Introduction

Oral leukoplakia is a white plaque in the mucosal lining of the mouth, and is the most common oral potentially malignant lesion. In 2018, the World Health Organization (WHO) defined oral leukoplakia as follows: “A white plaque of questionable risk having excluded (other) known diseases or disorders that carry no increased risk for cancer” [1, 2]. Oral leukoplakia has a worldwide estimated prevalence of 2–3% and is the most common precursor lesion of oral squamous cell carcinoma, with an annual malignant transformation rate of 1–3% (Evren et al. manuscript in preparation; unreferenced) [2,3,4,5]. Current standard of practice in the care of oral leukoplakia consists of obtaining a biopsy to perform histopathological assessment and ruling out any other mucosal condition. Hyperkeratotic and dysplastic lesions may be treated by removal of the lesion or by watchful monitoring of the lesion. Up until now, there is no evidence that removal of the lesion prevents oral squamous cell carcinoma formation [6]. Consequently, treated and untreated patients remain under surveillance at specialized oral cancer centers. To better stratify this surveillance, and to reduce the workload of regular controls, there is a need for the identification of lesions with a high and those with a low chance of malignant transformation.

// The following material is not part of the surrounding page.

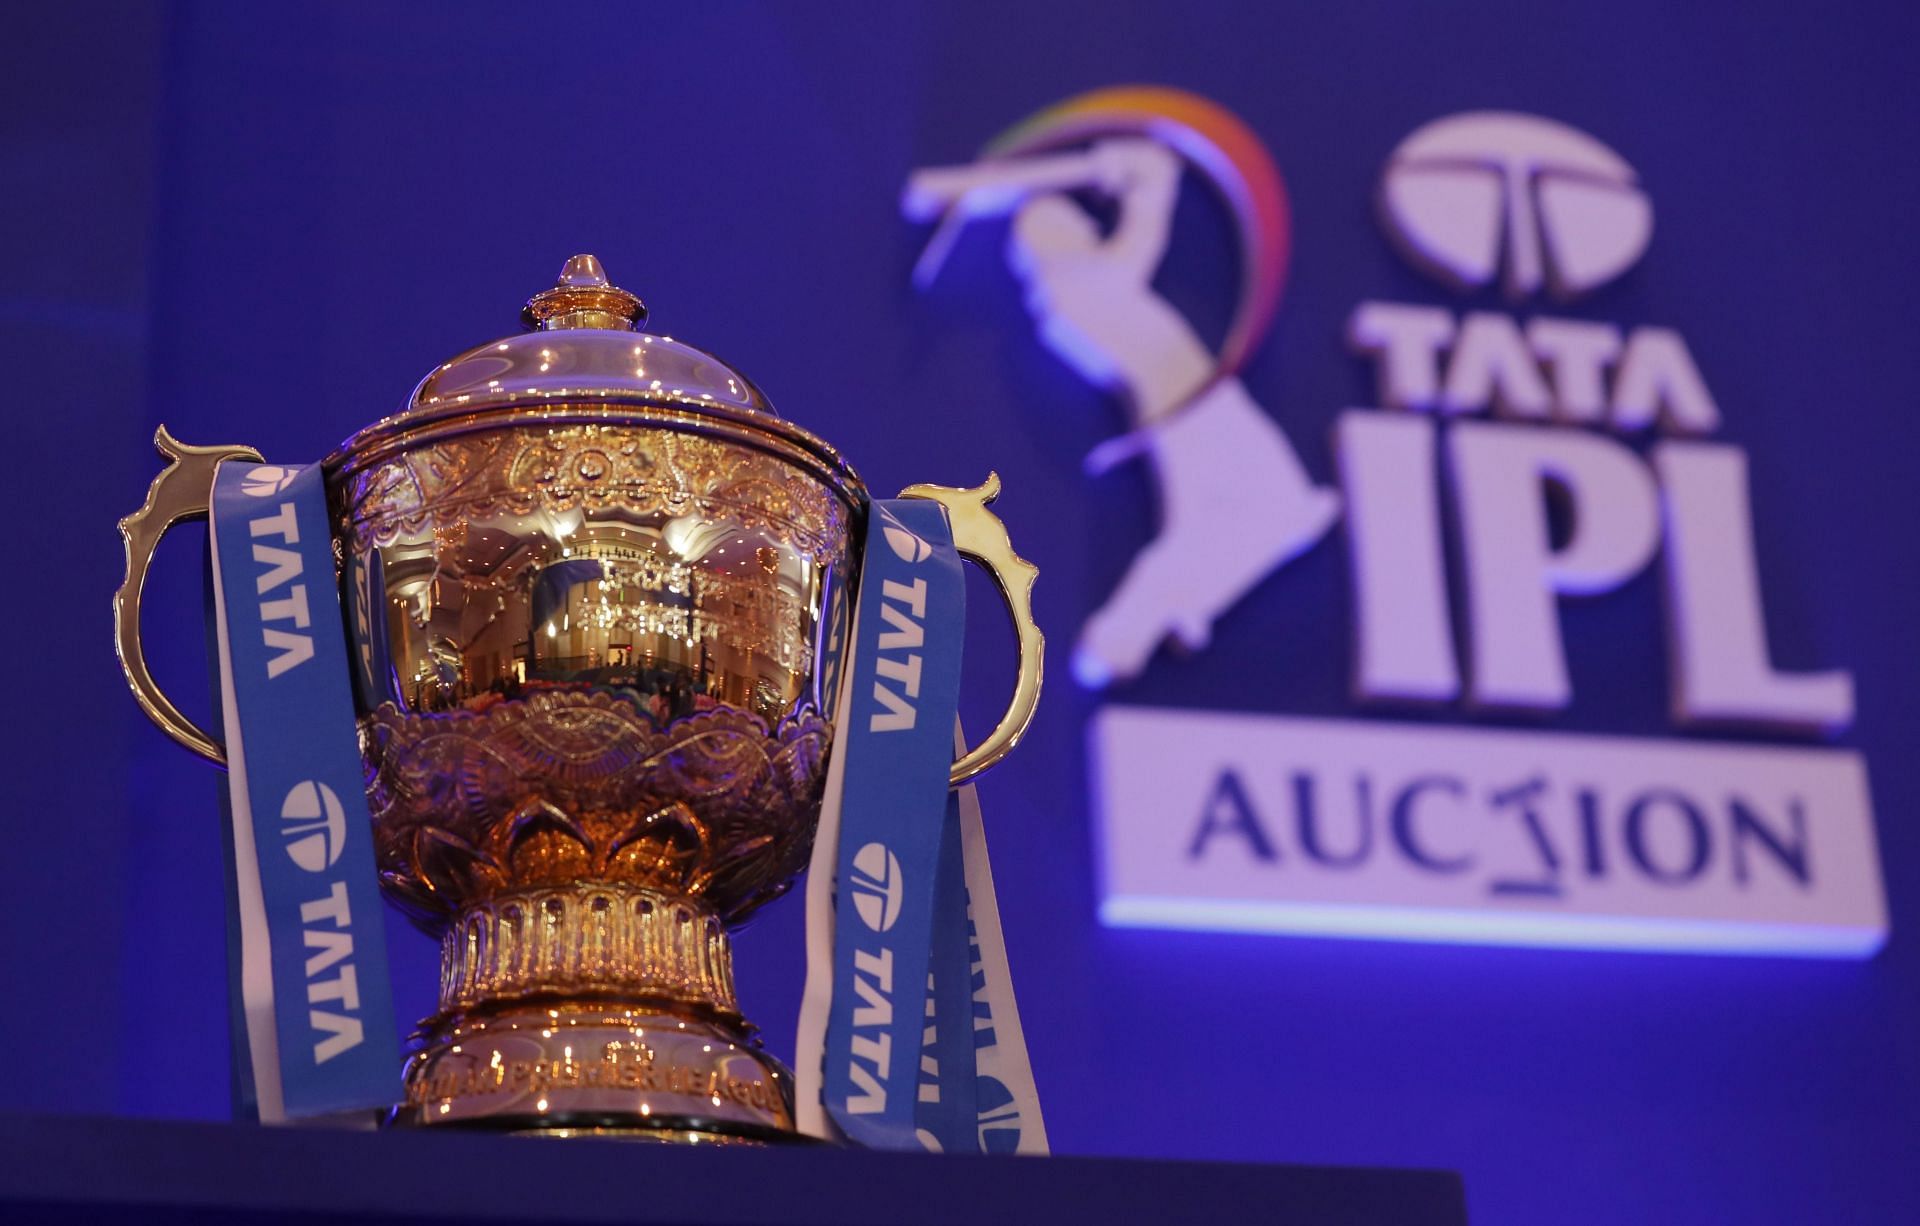 IPL 2022 will commence on March 26 (Credit: BCCI/IPL).
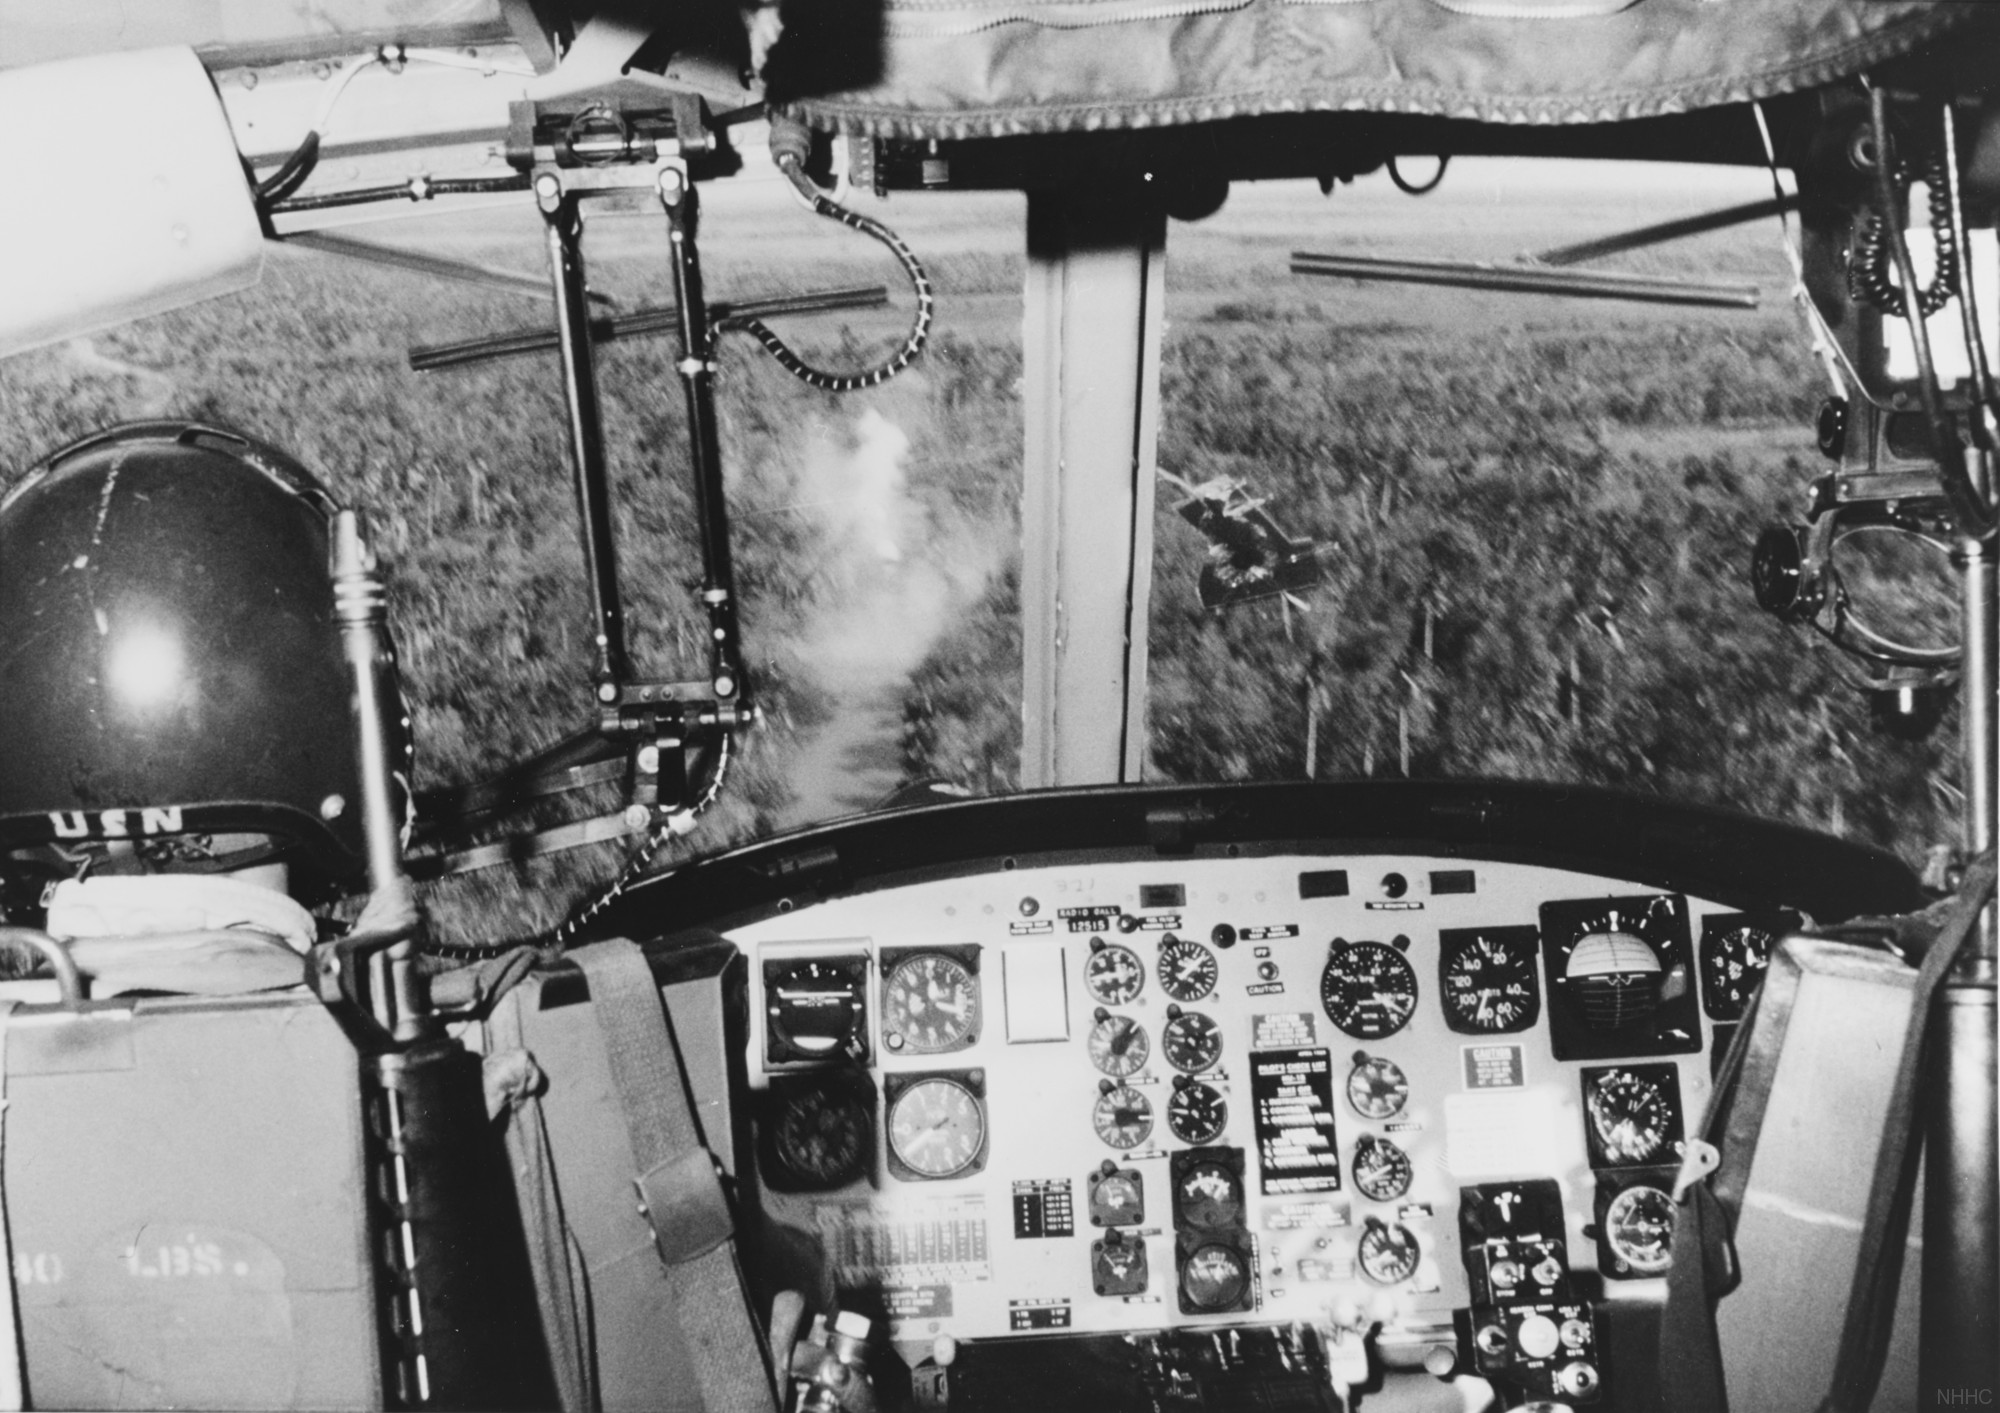 hal-3 seawolves helicopter attack squadron light us navy uh-1 huey iroquois 18 vietnam war cockpit

Dysplasia is an important marker for malignant transformation [5]. Currently, according to definitions of the WHO, dysplasia grade is divided into three categories: mild, moderate, and severe. According to this classification, 19–46% of oral leukoplakias are dysplastic [5, 7,8,9,10]. Typical morphological characteristics of dysplasia are architectural and cytonuclear changes of the squamous epithelium with hyperchromasia and enlargement of nuclei, decreased nuclear–cytoplasmic ratio, mitoses in suprabasal layers, and loss of differentiation of keratinocytes towards the surface. More recently, differentiated dysplasia was proposed as an additional category, based on the recognition of this histological phenotype in vulvar epithelium [11]. In the vulva, a distinction is made between classic (or usual) type of dysplasia and differentiated dysplasia. The latter type of dysplasia morphologically differs from classic dysplasia [12]. Differentiated dysplasia is characterized by a basal layer of small cells with hyperchromatic or open nuclei with small nucleoli with an abrupt transition to suprabasal large cells with abundant, eosinophilic cytoplasm with differences in eosinophilia, intercellular edema with clearly visible desmosomes, and large, open nuclei with prominent nucleoli. The epithelium can be hyperplastic or flat [11,12,13,14]. In vulvar epithelium, usual dysplasia is associated with high-risk HPV infection, whereas differentiated dysplasia is not [14]. Recent studies investigated the use of keratin 13 (CK13) and keratin 17 (CK17) as indicative markers associated with usual/classic and differentiated epithelial dysplasia, in that dysplastic lesions show a decreased expression of CK13 and an increased expression of CK17 [13, 15, 16]. Differentiated dysplasia is currently not acknowledged by the WHO as a separate morphological entity in the oral mucosa, and is therefore not considered in clinical decision management.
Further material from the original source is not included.